José Manuel Cuenca Toribio | Domingo 21 de junio de 2009
Según el diseño último en materia armamentística y aun geoestratégica del joven presidente ruso Dimitri Medvedev, la industria bélica de su país va a recibir en los años próximos un poderoso impulso. Los motivos expuestos por el actual ocupante del Kremlin responden al comprensible cuando no plausible deseo de acomodar el status de sus fuerzas armadas a la condición de gran potencia que con toda suerte de razones aspira a usufructuar la antigua nación de los zares, conforme, históricamente, ya poseyera bajo los Romanovs así como con los soviets. No obstante, a tenor de lo afirmado en las cancillerías occidentales, es el miedo del primer ministro ruso Vladimir Putin al avance arrollador de la OTAN por las repúblicas del centro y oriente de Europa, durante cerca de medio siglo estrechamente tuteladas por Moscú, la auténtica razón de la actitud adoptada en las esferas dirigentes de una de las tres naciones que modelaron con mayor alcance la historia del siglo XX.
La trayectoria de la centuria pasada muestra, en efecto, que a través de las formidables mudanzas que caracterizan su marcha a lo largo del novecientos, la Rusia de Nicolás II, de Stalin y Putin –llegado al poder en el año 2000, en sustitución calculada y pactada con el atrabiliario y algo genialesco Boris Yeltsin- poseyó, al igual que en los tiempos más calmos y sosegados de Pedro I, Catalina II, Alejandro I o Nicolás I, un común denominador: la defensa y expansión a ultranza de su territorio. Todas las políticas trazadas desde San Petersburgo o Moscú estuvieron presididas por esta indeclinable meta. Sometido periódicamente a partir del inicio de la edad moderna a la invasión de los ejércitos que, al correr de los últimos cuatrocientos años, marcaron la primacía en el tablero del Viejo Continente, el país durante largo tiempo más extenso del planeta segregó una conciencia patria doblada de un espíritu de supervivencia erigido en el principal eje vertebrador de su identidad.
Según se recordará, cuando tanto antes como, sobre todo, después de la primera contienda mundial ocupó lugar destacado en la literatura ensayística e histórica la psicología de los pueblos, “el alma rusa” figuró en ella como tema primordial al tiempo que principio inconcuso, de forma, así, opuesta a lo acontecido respecto a otras nacionalidades y pueblos. Con ello, autores y público rendían un exvoto admirativo al carácter e historia de un país dotado de una personalidad en todo tiempo muy singular y específica, dentro, por mucho que, a las veces, se afirme lo contrario, de unas coordenadas europeas bien señaladas. Al igual que España, con la que en numerosas ocasiones se ha trazado su afinidad en más de un extremo saliente, Rusia conquistó, con un esfuerzo guerrero y cultural plurisecular y encomiable, su pertenencia histórica a la península más grande del continente euroasiático.
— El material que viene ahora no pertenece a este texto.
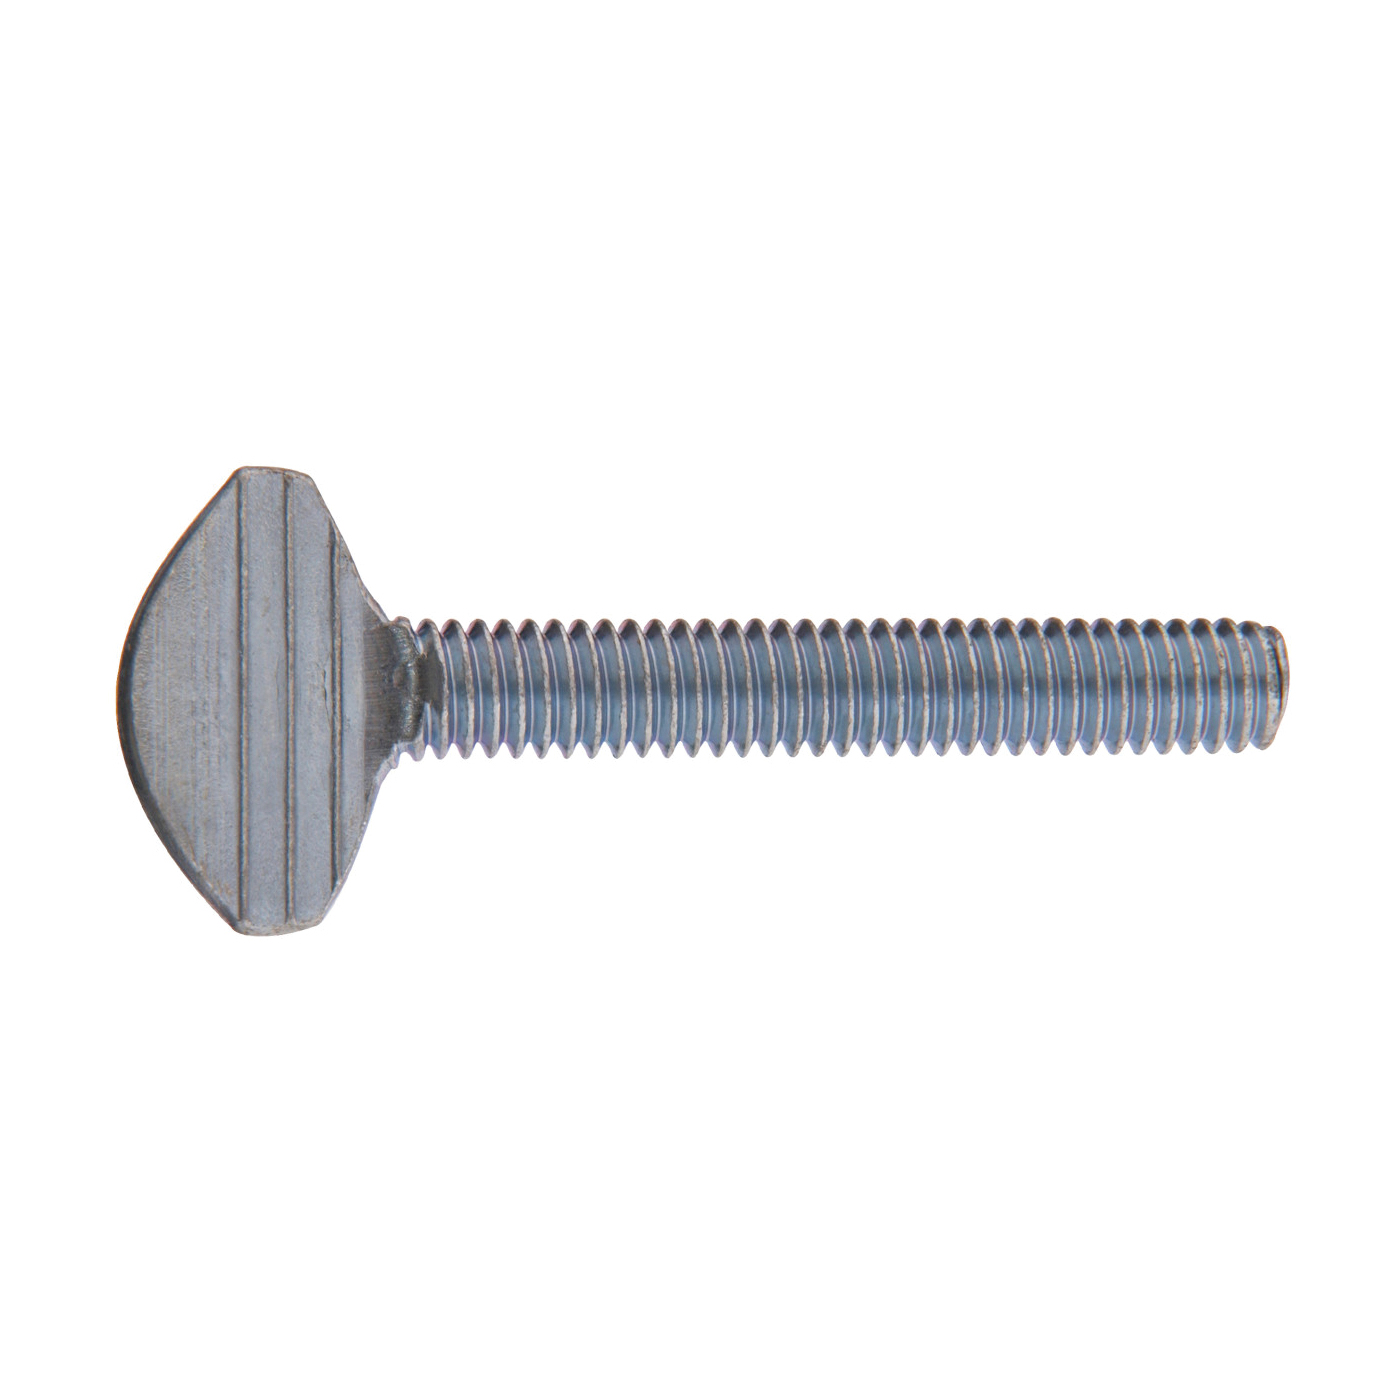 880955 Machine Screw, 1/4-20 Thread, 2 in L, Coarse Thread, Blunt Point, Steel, Zinc-Plated

En esa lucha se forjó su idiosincrasia y sus episodios se moduló una cosmovisión de permanente presencia hasta el presente.
Sin Rusia la unidad europea será, a vueltas y revueltas bruselenses y de invidencias de los grandes centros de decisión occidentales, de todo punto imposible. La Historia, con su magisterio irrefragable, lo testimonia. Tras medio siglo del Tratado de Roma, la crisis actual atestigua que lo más importantes queda aun hacer. El edificio comenzó por construirse, como no podía ser de otro modo en la coyuntura de una guerra fría en periodo álgido, por la base material. Cuando se retome con igual entusiasmo que entonces la ardua e inesquivable empresa, el espíritu se impondrá; y el “alma rusa” habrá de comparecer para cimentarla sólidamente y darle pertinacia y refulgencia.